*Assignment*
Please repeat the lines below exactly. Begin with the line containing "[Photo Inserted] Best" and go on through the line containing "NEW Belle Nubian".

*Provided material*

━━━━━━

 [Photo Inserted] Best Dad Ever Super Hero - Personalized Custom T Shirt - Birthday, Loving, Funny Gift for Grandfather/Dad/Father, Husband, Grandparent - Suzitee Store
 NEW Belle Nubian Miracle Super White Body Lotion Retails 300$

━━━━━━

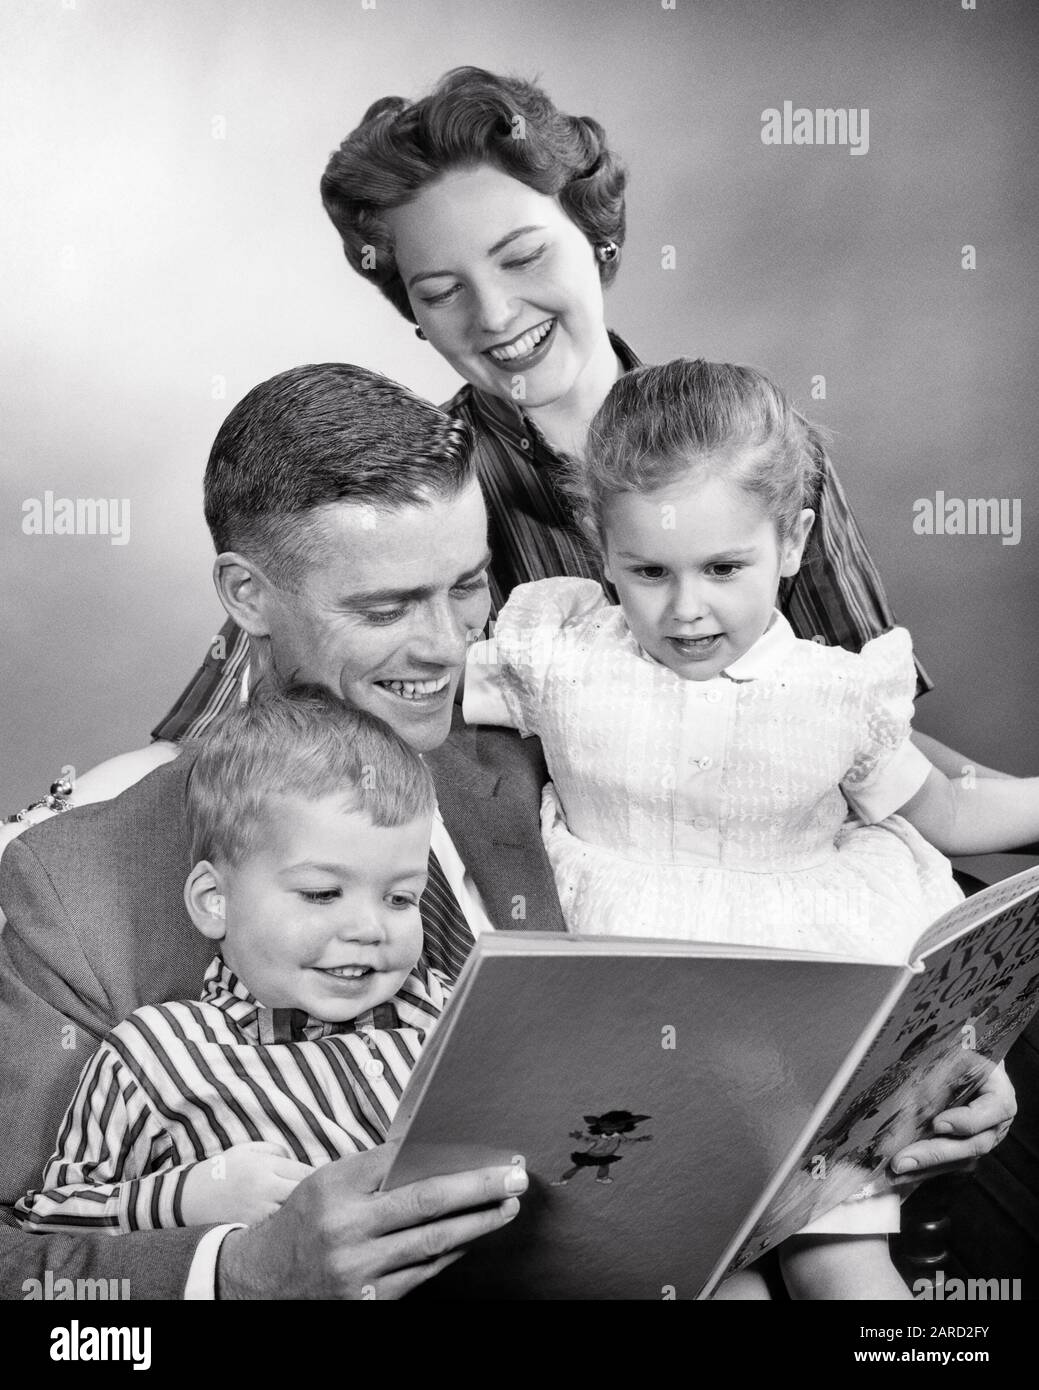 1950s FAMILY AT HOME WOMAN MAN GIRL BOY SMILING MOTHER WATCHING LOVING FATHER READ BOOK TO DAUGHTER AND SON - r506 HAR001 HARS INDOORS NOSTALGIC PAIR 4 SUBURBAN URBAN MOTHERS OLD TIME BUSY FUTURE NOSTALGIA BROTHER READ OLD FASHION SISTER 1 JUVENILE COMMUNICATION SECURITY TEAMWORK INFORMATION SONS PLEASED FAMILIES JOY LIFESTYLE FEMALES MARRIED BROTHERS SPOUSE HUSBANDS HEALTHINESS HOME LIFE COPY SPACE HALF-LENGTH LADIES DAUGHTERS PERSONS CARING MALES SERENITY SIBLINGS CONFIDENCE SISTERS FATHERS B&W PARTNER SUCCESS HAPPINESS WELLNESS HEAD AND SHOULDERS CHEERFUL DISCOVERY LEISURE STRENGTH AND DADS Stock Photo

━━━━━━

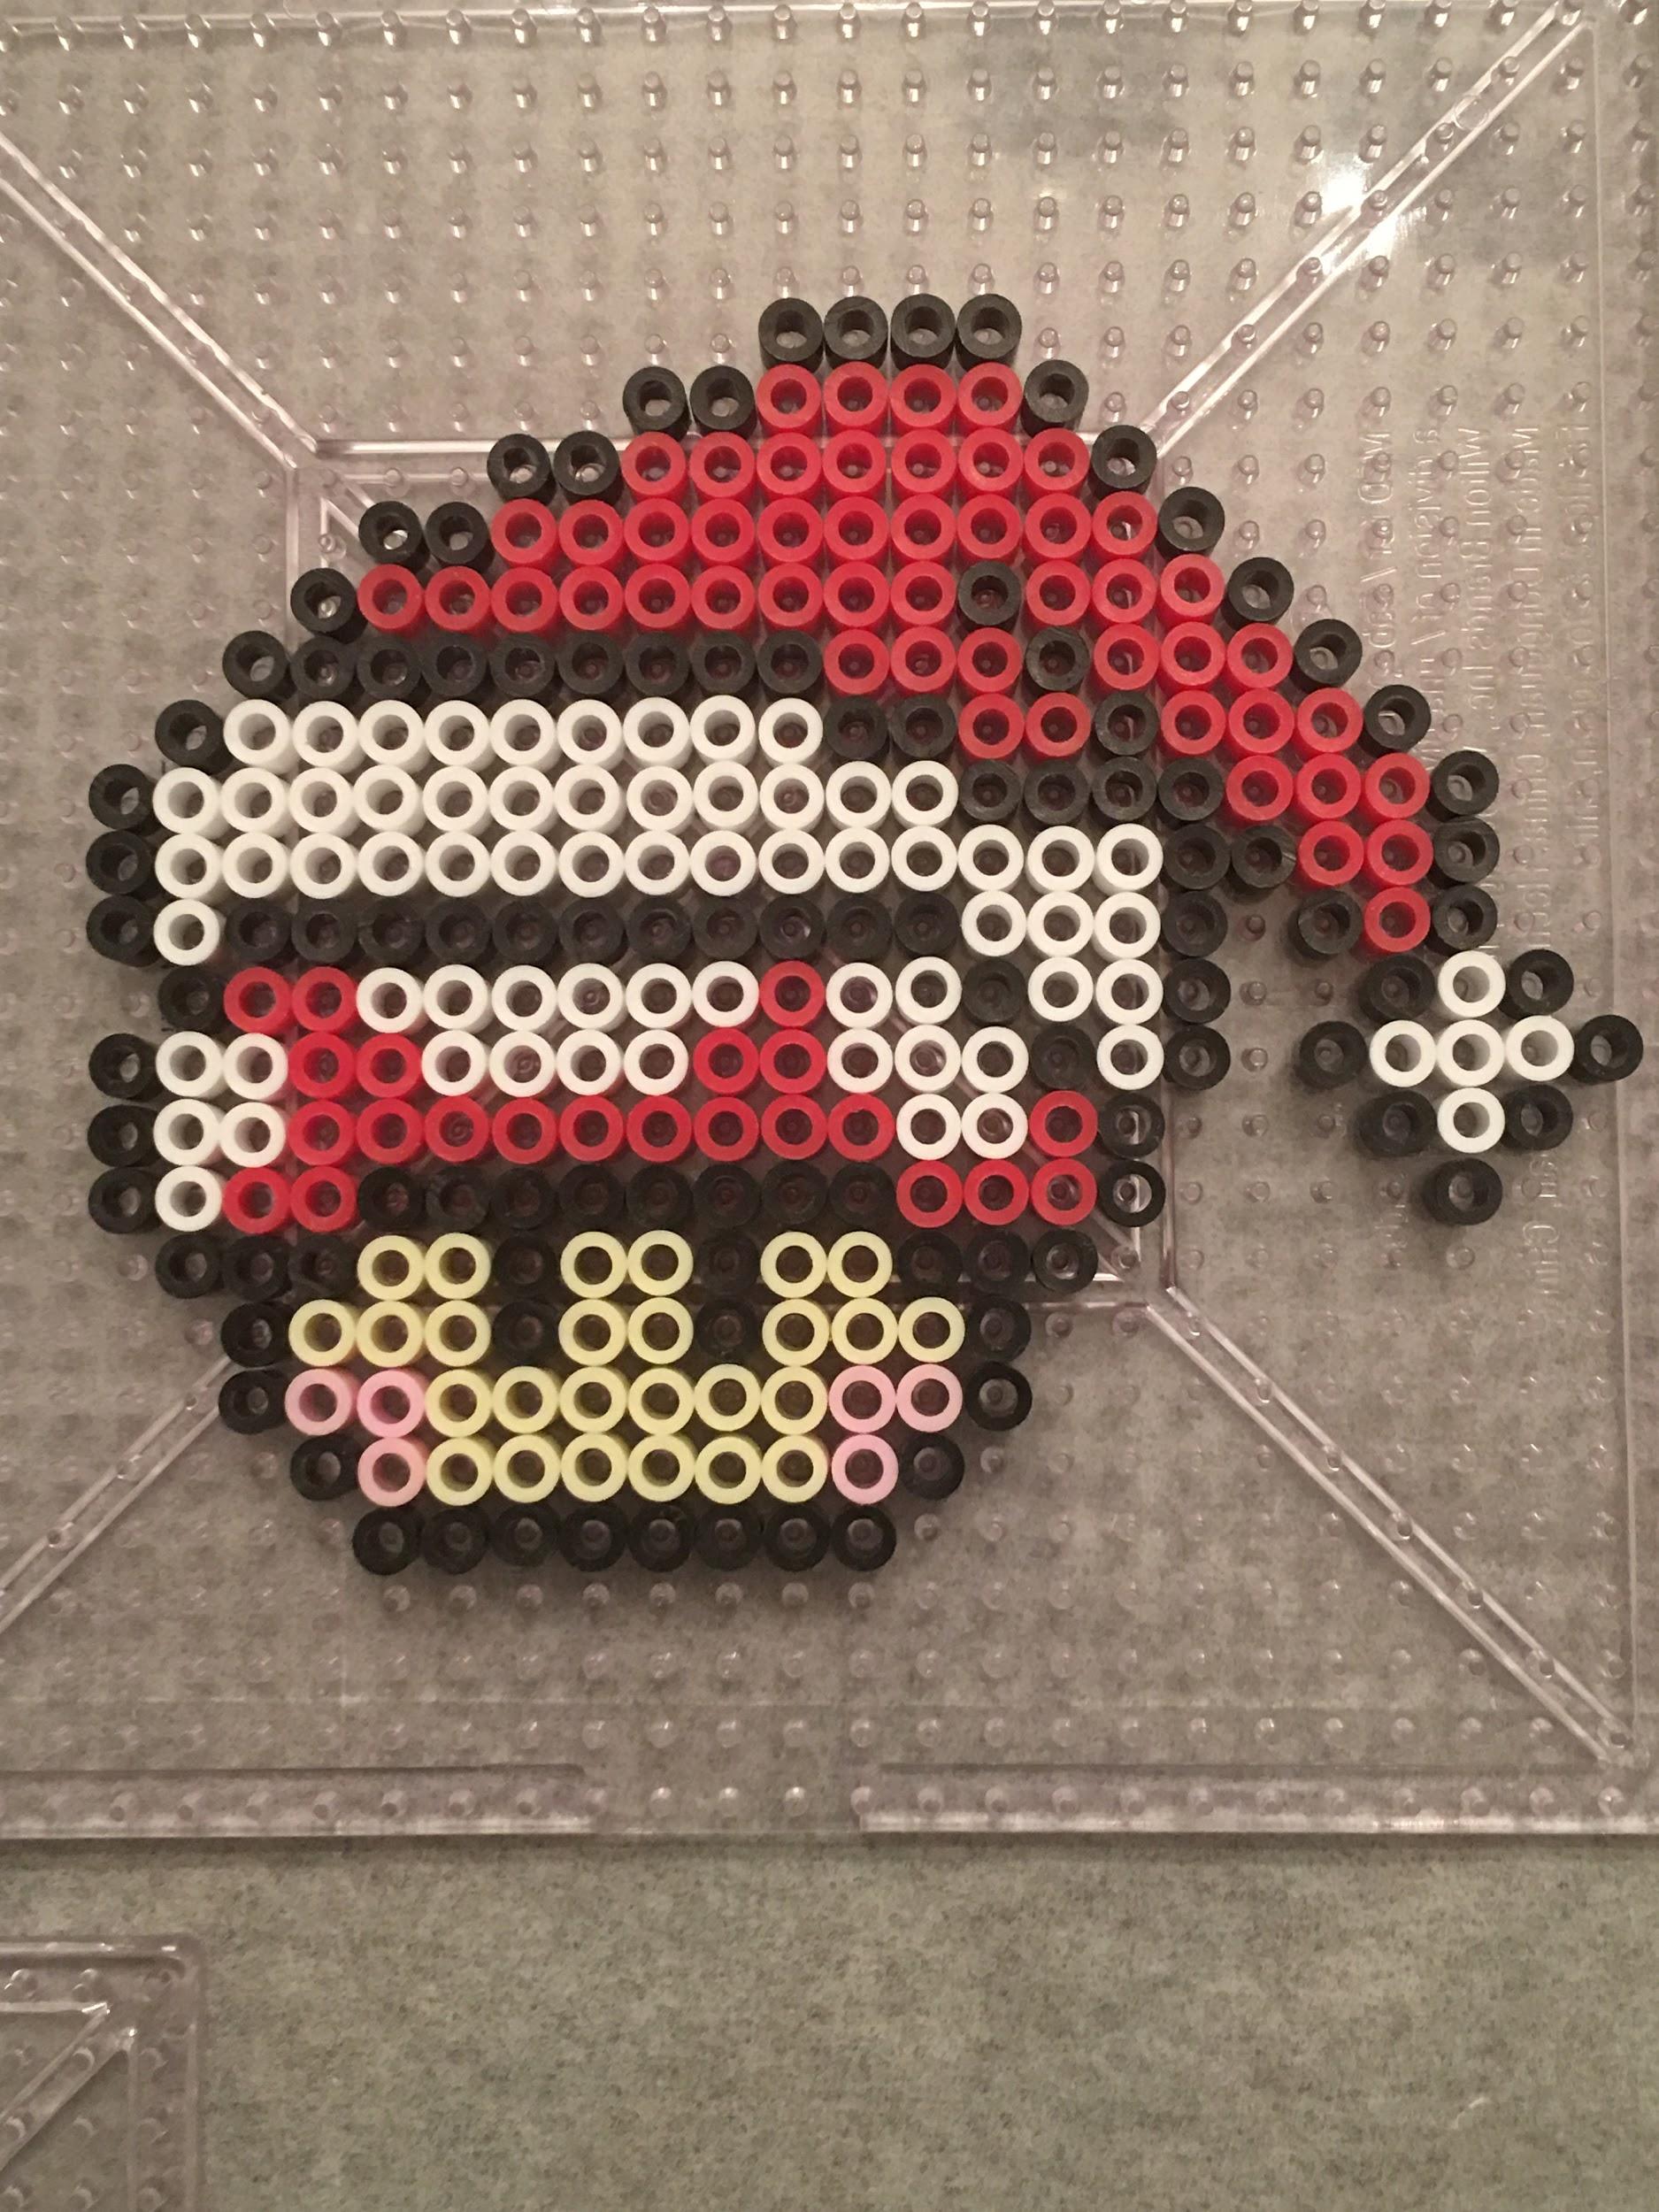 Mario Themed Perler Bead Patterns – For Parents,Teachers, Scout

━━━━━━

*Task result*
 [Photo Inserted] Best Dad Ever Super Hero - Personalized Custom T Shirt - Birthday, Loving, Funny Gift for Grandfather/Dad/Father, Husband, Grandparent - Suzitee Store
 NEW Belle Nubian Miracle Super White Body Lotion Retails 300$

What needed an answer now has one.